Starting in February 1945, the LXXI Army Corps was part of Army Detachment Narvik (Ferdinand Jodl), where it remained until the end of the war. By February, the 163rd and 210th Divisions had been pulled away from the corps and the 7th Mountain Division had been added. The Division zbV 140 was added to the corps by 1 March.
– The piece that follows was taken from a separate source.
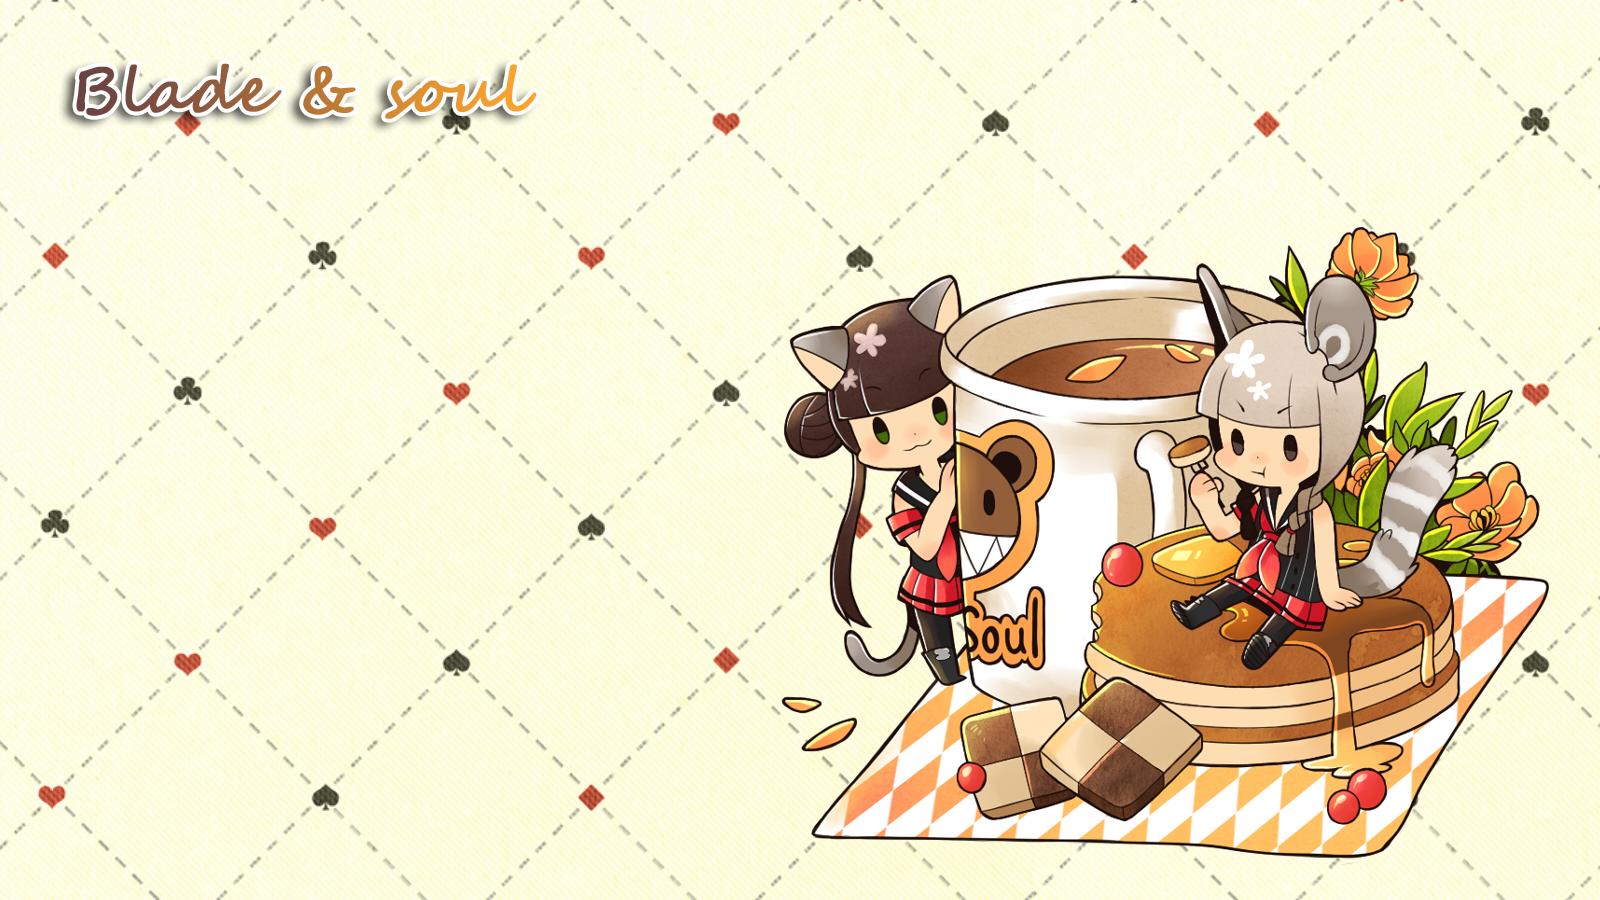 Lyn Blade Amp Soul Wallpaper 1386051 Zerochan Anime Image Board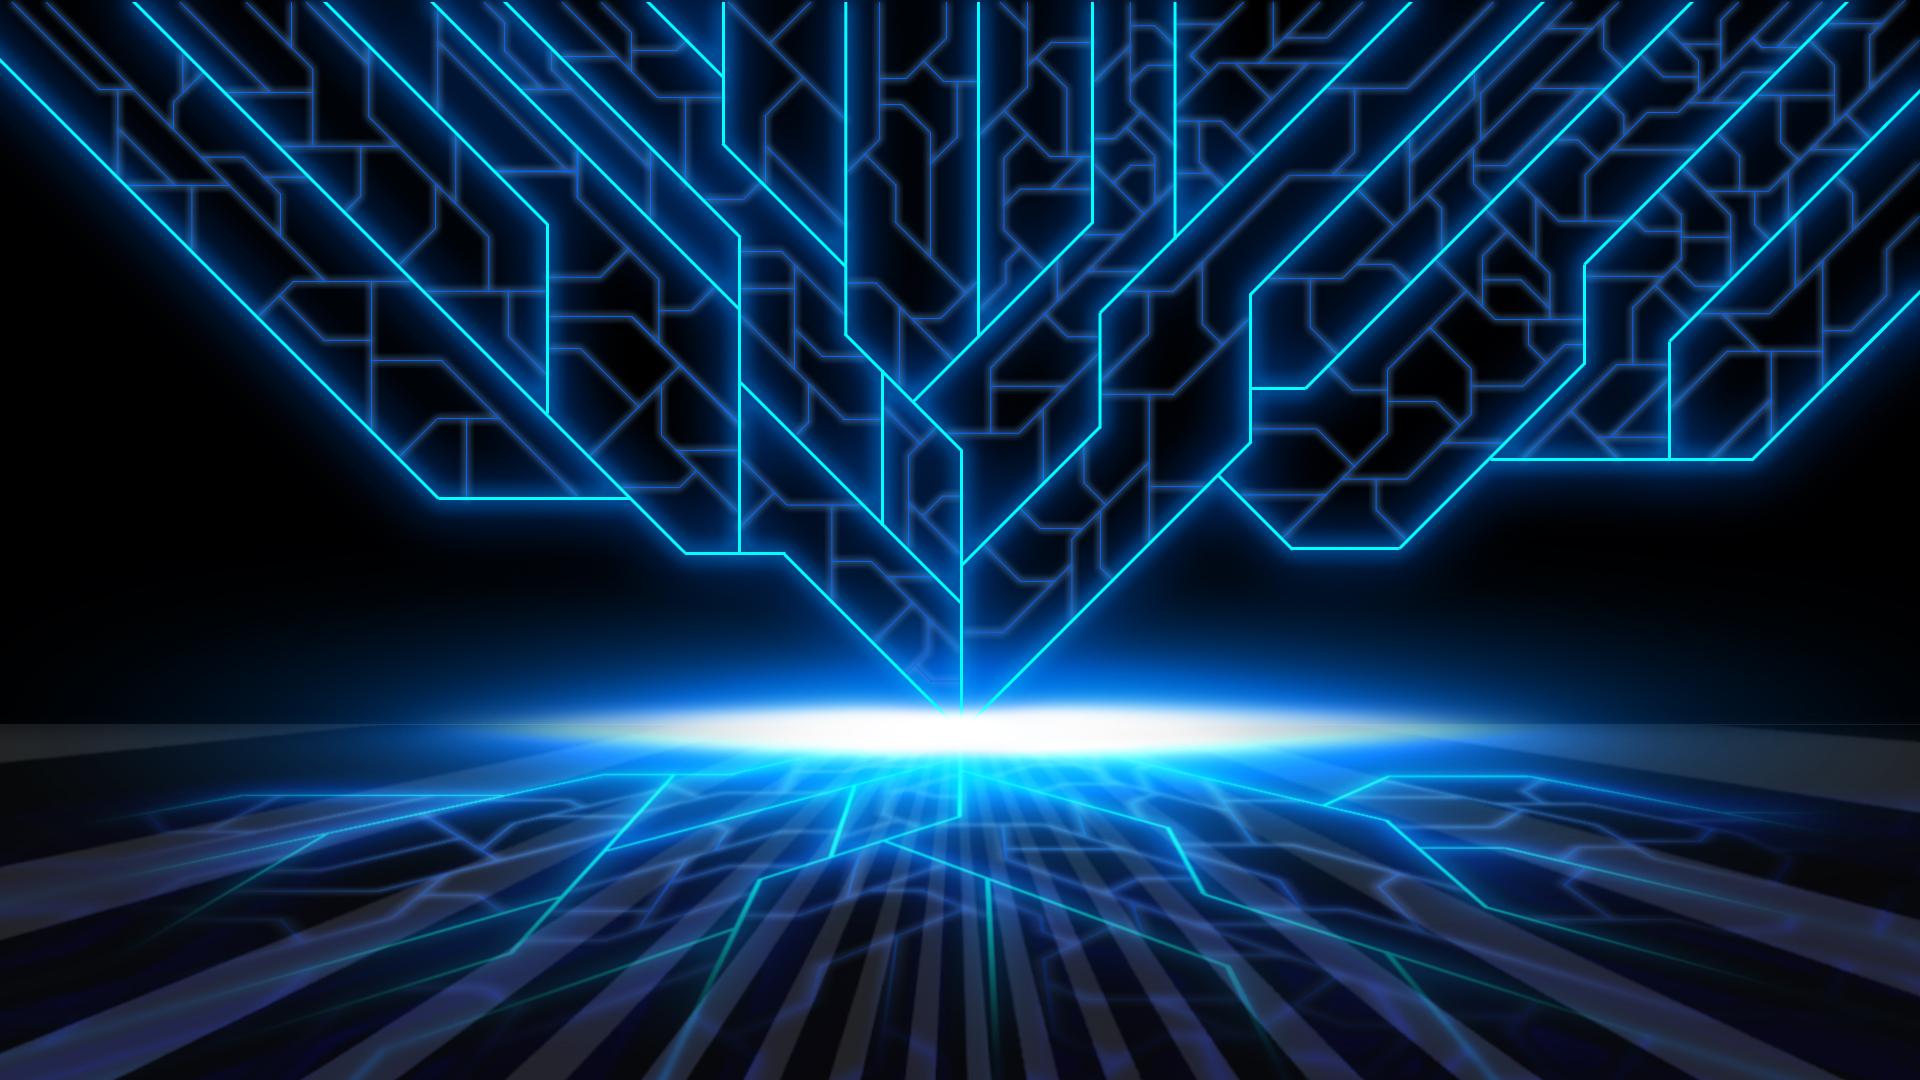 réseau-digital

On 12 April 1945, the last day for which military organizational charts are available, the corps consisted of the 140th, 210th and the 230th Divisions.

== Structure ==

| Year | Date | Commander | Subordinate units | Army | Army Group | Operational area |
| 1942 | 10 March | Emmerich Nagy | 199th Infantry, 702nd Infantry | Armee Norwegen | Directly under OKW | Northern Norway |
5 April
| 11 May | 199th Infantry, 230th Infantry, 270th Infantry, 702nd Infantry |
| 8 June | 199th Infantry, 230th Infantry, 270th Infantry |
4 July
5 August
2 September
8 October
| 5 November | Willi Moser |
1 December
| 1943 | 1 January |
3 February
4 March
9 April
1 May
1 June
7 July
5 August
5 September
4 October
8 November
3 December
| 1944 | January |
February
March
April
May
11 June
22 July
31 August
16 September
13 October
| 5 November | 20th Mountain Army |
| 26 November | 199th Infantry, 270th Infantry, Lofoten |
| 31 December | A. R. von Mauchenheim | 163rd Infantry, 199th Infantry (+ 503rd Grenadier Brigade), 210th Infantry (+ Lofoten) |
| 1945 | 19 February | 7th Mountain, 199th Infantry (+ 503rd Grenadier Brigade) |
| 1 March | 7th Mountain, 140th Infantry (+ 139th Mountaineer Brigade, + 503rd Grenadier Brigade), 210th Infantry (+ Lofoten) | Army Detachment Narvik (20th Mountain Army) |
| 12 April | 139th Mountaineer Brigade, 140th Infantry, 210th Infantry (+ Lofoten), 230th Infantry, 503rd Grenadier Brigade |

== Noteworthy individuals ==

- Emmerich Nagy, corps commander of Higher Command LXXI (15 March 1942 – 1 November 1942).
- Willi Moser, corps commander of Higher Command LXXI and LXXI Army Corps (1 November 1942 – 15 December 1944).
- Anton Reichard von Mauchenheim, corps commander of LXXI Army Corps (15 December 1944 – May 1945).